Чем больше я думала об этом, тем сильнее разгоралась. Мне нравятся деньги. Я хочу денег. Деньги — это свобода. Я уже держала в руках купюры, я наблюдала их парящими над головой и покорно приземляющимися к моим ногам. Как только у меня появятся деньги, ничто не остановит меня. Я куплю музыку, тексты, запишу песни и сниму клип. ШУРА ВОРОНОВА — АРТИСТКА, КОТОРАЯ СДЕЛАЛА СЕБЯ САМА — напишут в сети.

Я шла по улице, разглядывая прохожих и сознавая свое превосходство. Все эти длинноногие женщины в безупречных платьях-футлярах на самом деле обречены делать то, что позволено. Они никогда не смогут раздеваться за деньги, а я смогу. И в этом моя суперсила. Их судьба предрешена, тогда как я держала свою за горло.

Дома я разделась донага, взгромоздилась на табурет перед зеркалом в ванной. Повернулась задом. Присела. Прогнулась в пояснице. Живот отвис и образовывал множественные складки.Три-четыре минимум. Задница походила на детсадовскую манную кашу. На загривке от мамы мне достался отвратительный холм, жир умудрялся добраться и туда.


Уже неделю я мотала срок в магазине немецкой обуви. План состоял в том, чтобы за два-три месяца похудеть и скопить на переезд в Москву. На второй день работы я умудрилась продать две крокодиловые пары какой-то тетечке.Мое милое личико внушало людям доверие, а мне давало надежду.

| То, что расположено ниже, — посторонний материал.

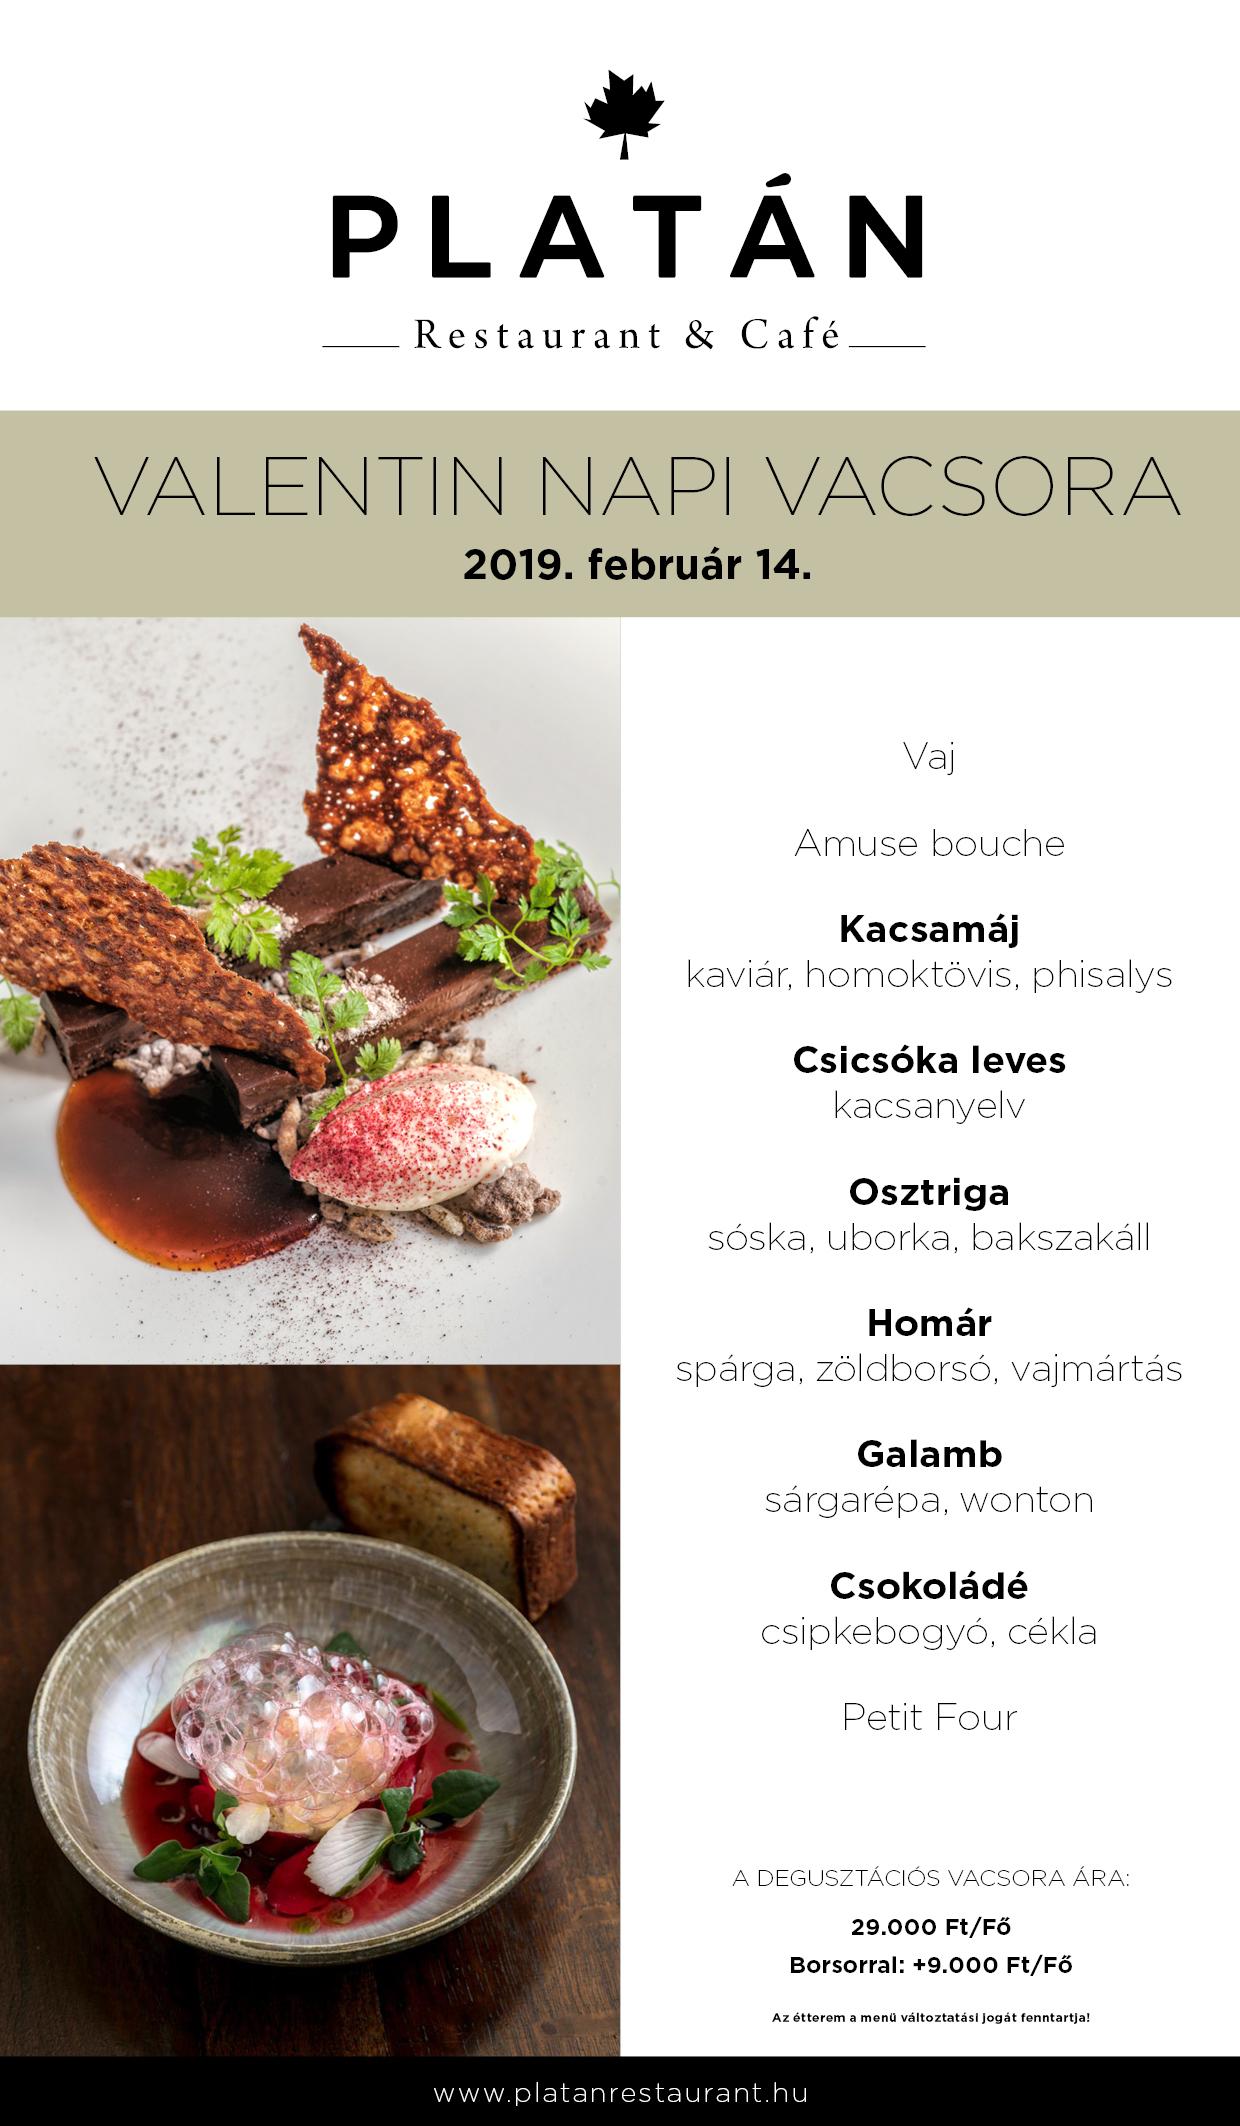 platan_valentin_menucard_002.jpg

Как-то я возвращалась домой после двенадцатичасовой смены. Стопы зудели. В голове застрял запах тряпки, которой я натирала стеклянные стеллажи.

— Са ва? — Павлик.

— Привет. Нормально.

— Видел тебя на проспекте. Я в пабе, заходи, кофе угощу.

Мне было до балды. Я только что овладела профессией уборщицы.

— Какие планы на вечер? — Павлик сидел напротив и улыбался. Паб гудел. Две официантки едва успевали разносить пиво.

— Никаких.

— В «Неон» идете?

— Не знаю. Как пойдет.

— Я спущусь наверное, как закрою. Всю неделю не вылезаю отсюда. Напарник еще заболел. Короче говоря, пашу с утра до ночи. Посрать некогда. Еще кофе?

Я  помотала головой.

— Пойду я.

Павлик предложил подвезти до дома. Спинка пассажирского кресла оказалась непривычно вздернутой, сиденье уехало вглубь. Я вернула его на место.

Открытая Ауди ТТ мчала нас по проспекту на зависть горожанам. Барышни, прогуливающиеся мимо, бросали на меня оценивающие взгляды, но я больше не ощущала своей крутости.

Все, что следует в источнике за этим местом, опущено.